Im sure your not the only guest with restrictions, so i would ask if i were you.
Post # 7
Tell the hosts. Vegetarian should not be an issue. I’ve never been to a wedding that didn’t have a vegetarian option. However, often times the veggie option is some variation on pasta, so definitely let them know that you need gluten free as well. Gluten free is extremely common now, so I would think almost any caterer could accommodate this request. As a host, I would feel very awkward if someone brought their own cooler of food without giving me the opportunity to try and accommodate their dietary needs and host them.
Post # 8
I would ask the bride and groom. Usually there is a vegetarian option, but likely not Girlfriend.
Post # 9
I would just assume it wasn’t going to be Girlfriend and eat beforehand or bring snacks.
Post # 10
I probaby wouldn’t say anything. If you contact the bride they will probably feel obliged to provide you with a special meal. I would prefer to take care of myself and not add to their burden.
Post # 11
IDK, I’m a vegetarian and I can’t eat a lot of food due to issues with excessive grease and butter, but I would not make this an issue for the host.
I was raised to believe it’s rude to ask for special treatment, so I just make it work. Lot’s of people are rude anyway about my food choices– there is a lot of judgment if you don’t eat like everyone else. No need to compound that with special requests in front of your in laws, unless you know they will respond favorably.

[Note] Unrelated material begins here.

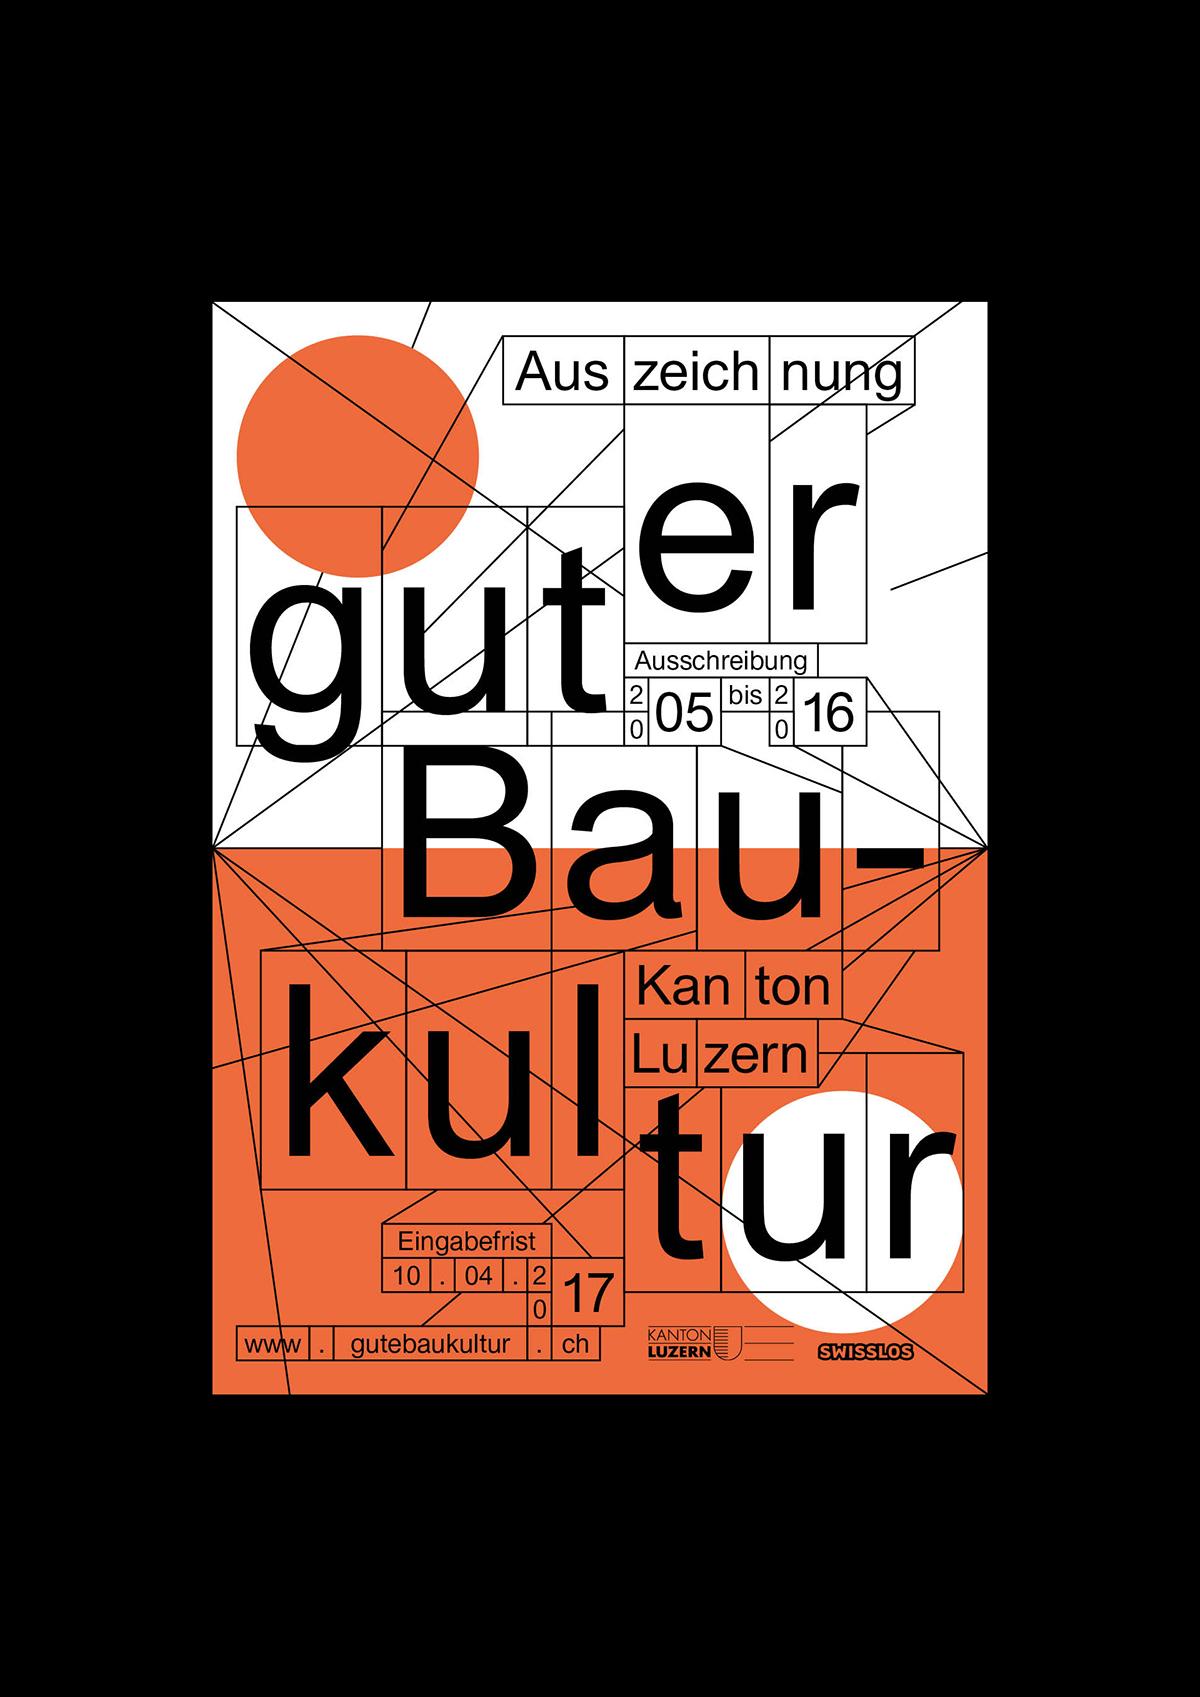 Luzern baukultur Präsens Büro Switzerland

But hey, I guess it takes lots of people asking before changes are made and it’s normalized, so good for you on that level.
Post # 12
As a host, I’d prefer to know. And I’d get it handled but probably feel stressed making sure. As a guest, I would not want to put any additional stress on the bride/groom and I’d make my own arrangements and hope there was something I could enjoy already planned.
Post # 13
Your response is very thoughtful. I wasn’t sure what the etiquette was about asking as I’m willing to talk to the caterers myself, regardless of not knowing the bride and groom well. I certainly don’t need to add stress to her list of things to do! Thanks for your thoughts!
Post # 14
I think you just eat a lot before hand and stash a snack. Im sure many will disagree but I think it’s a burden to call up a bride you barely know and ask what food will fit your restrictions. And it’s definitely overstepping to call their caterer! It’s not your place to add a specialty meal onto their bill.
Post # 15
Ha! Yes, I don’t want to spark any bridezilla behavior. You’re right I’m not making a request for them to switch up the menu just gathering some knowledge so I can eat before the reception. Thank you! Funny comment!